Ciclabile in Valbrembana: riaperto il tratto Ambria-San Pellegrino crollato a ottobre - BergamoNews
I lavori

Ciclabile in Valbrembana: riaperto il tratto Ambria-San Pellegrino crollato a ottobre

Un tratto di 150 metri, distrutto dalla piena del fiume Brembo quando il maltempo aveva fatto registrare disagi in varie zone della Bergamasca

È stato riaperto venerdì 19 marzo, nella frazione di Ambria, il tratto di pista ciclopedonale che collega la frazione di Zogno con San Pellegrino Terme.

Un tratto di 150 metri, distrutto il 3 ottobre scorso dalla piena del fiume Brembo, quando il maltempo aveva fatto registrare vari disagi in Valle Brembana e in diverse zone della Bergamasca. La piena del fiume aveva provocato il crollo dell’intero tratto di pista ciclabile, interrompendone il tracciato e provocando la rottura delle tubature che trasportano l’acqua potabile da San Pellegrino fino ad Ambria e Spino al Brembo, oltre a lasciare pericolosamente a vista il metanodotto ed alcuni fili elettrici.

Dopo l’immediata messa in sicurezza ed il ripristino del gas (oltre ad interventi di Enel e Uniacque per la riattivazione dell’energia elettrica e dell’approvvigionamento idrico), il 19 ottobre scorso sono iniziati i lavori di ripristino idrogeologico da parte di Snam spa.

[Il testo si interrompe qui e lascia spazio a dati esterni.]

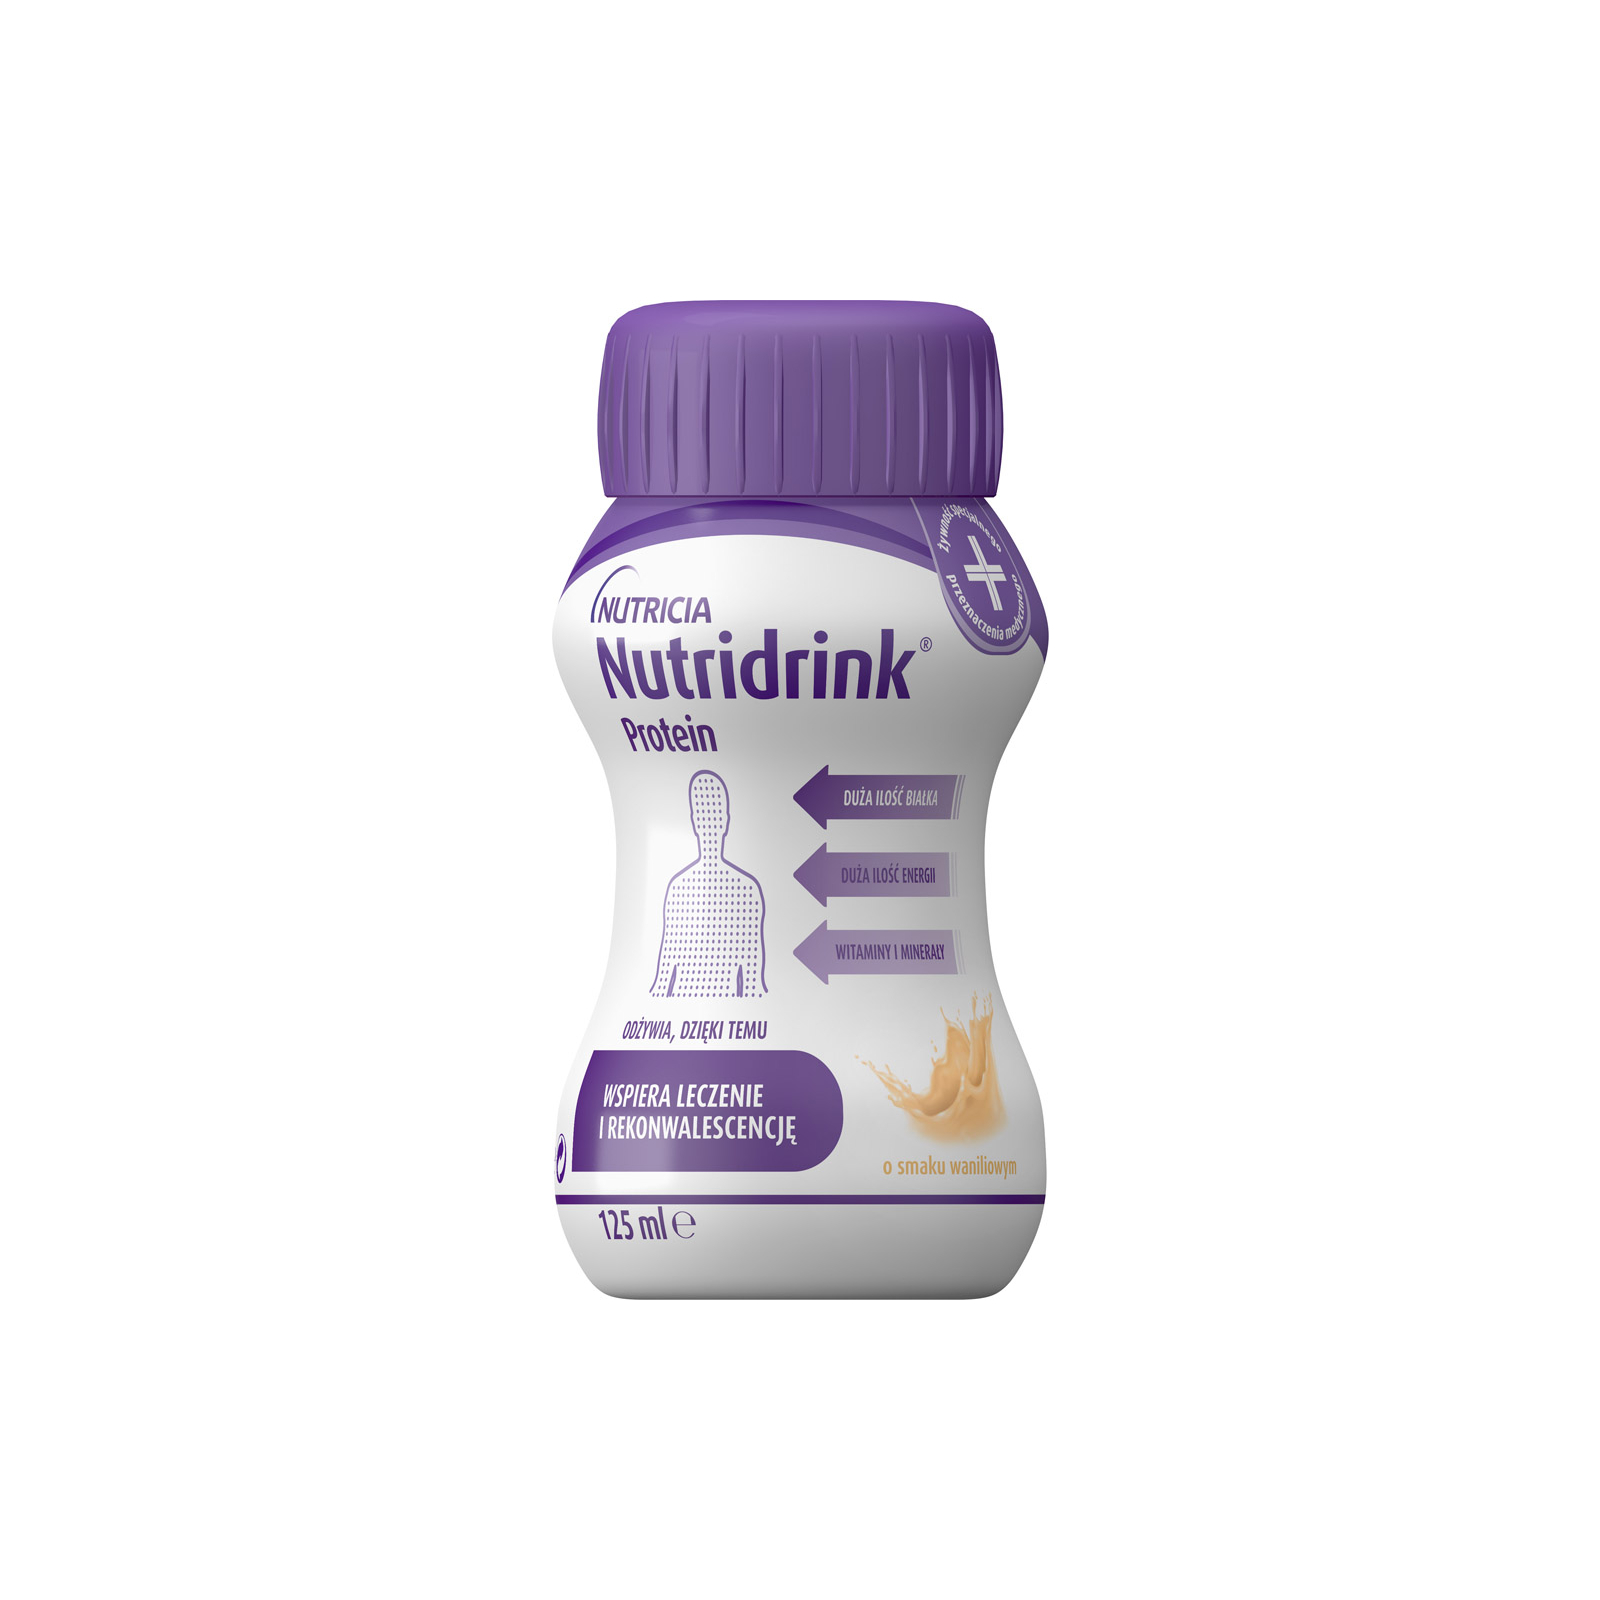 Детская смесь Nutricia Nutridrink Protein Vanilla со вкусом ванили с высоким содержанием белка и энергии 4 шт х 125 мл (8716900565403)
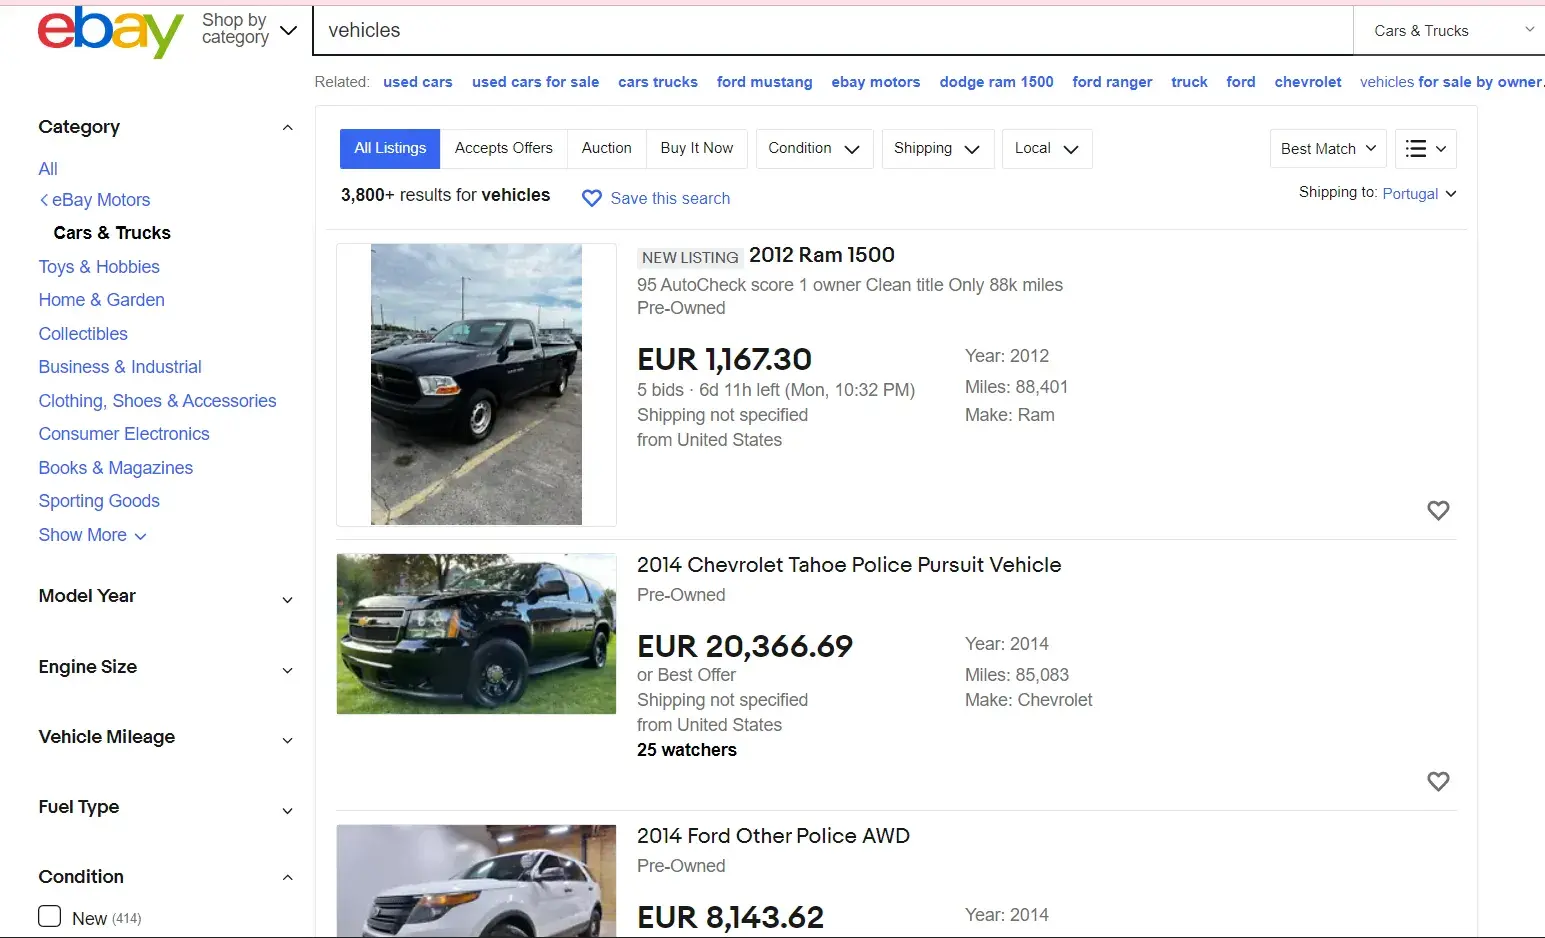 Does eBay ship cars

“Lavori durati quasi 5 mesi, con opere di protezione spondale e di ricostruzione dell’intero tratto di pista ciclopedonale crollato – spiega Giuliano Ghisalberti, assessore ai lavori pubblici di Zogno – . Nel frattempo, a monte e a valle del tratto in questione, abbiamo provveduto a sistemare ulteriori barriere protettive in alcuni punti critici a ridosso del fiume”. Dopo cinque mesi, la pista ciclopedonale della Valle Brembana torna ad essere percorribile nella sua interezza.